People are keen to find out about the latest scientific work on the pandemic – but they do not always understand that research is a slow process and the findings can only be provisional. Zubeyde Demircioğlu says public frustration will lead to distrust and a surge in conspiracy theories unless scientists are clear that, at this early stage, much remains uncertain.
In uncertain times like pandemics, people want to access information quickly so they can interpret the confusing situation around them. Access to information is no longer a significant problem with the development of communication technologies, but its accuracy and reliability is. Covid-19 has spawned both a pandemic and an “infodemic” of hoaxes, conspiracy theories, misunderstandings, and politicised scientific debates.

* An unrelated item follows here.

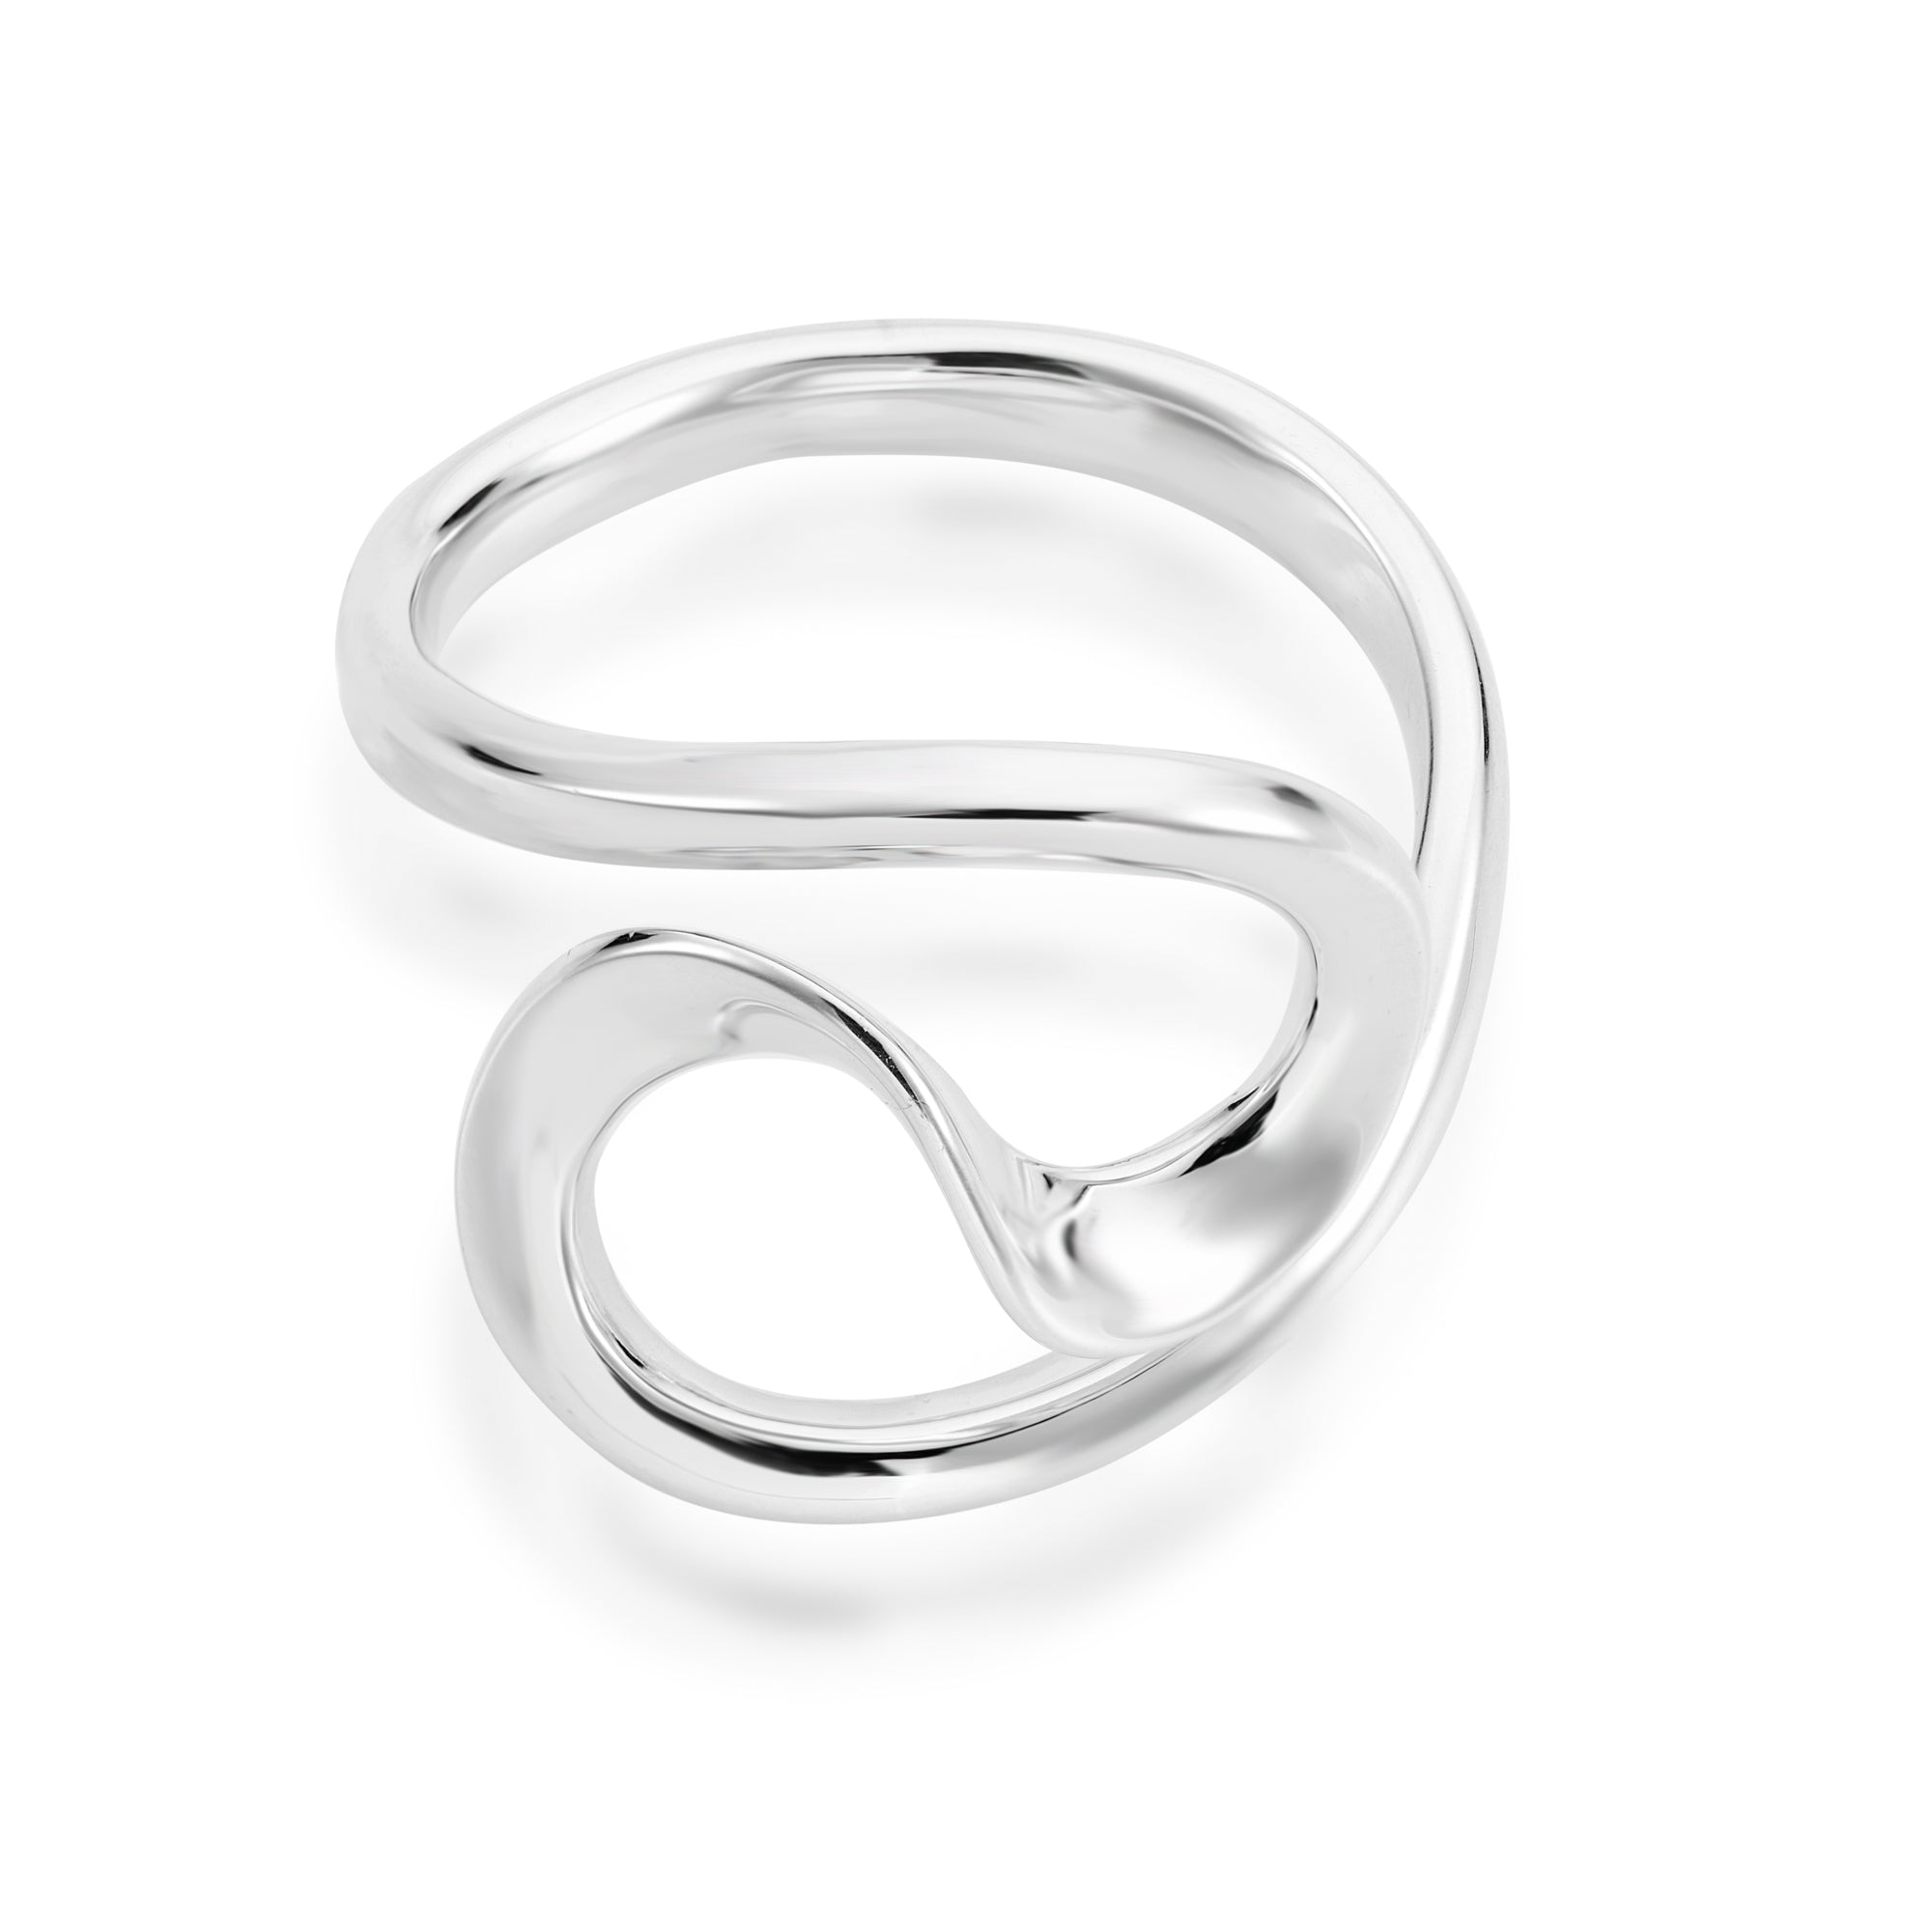 Handmade Silver Curved Bethan Ring

The World Health Organization (WHO) explains that “infodemics” are caused by an excessive amount of information surrounding a problem, making it difficult to identify a solution. This mixture of misinformation, disinformation, and rumours around coronavirus has exploded online. Despite the efforts of Facebook, Twitter and Google to combat dubious information, it seems impossible to prevent misinformation, disinformation, and conspiracy theories completely. Aside from deliberate disinformation spreading widely across social media, the persistent scientific uncertainty – as the best information (and the scientific consensus) changes from day to day – has also diminished trust in science.
One of the issues that determines uncertainty and risk perception in laypeople is conflicting scientific data. Looking again at a model by M J Mulkay et al. can shed light on why this is currently so frustrating. This model, which attempts to explain the growth of scientific research areas, identifies three main stages in the growth of a research area: exploration, unification, and decline/displacement. These stages are shown in Figure 1, representing an idealised growth curve.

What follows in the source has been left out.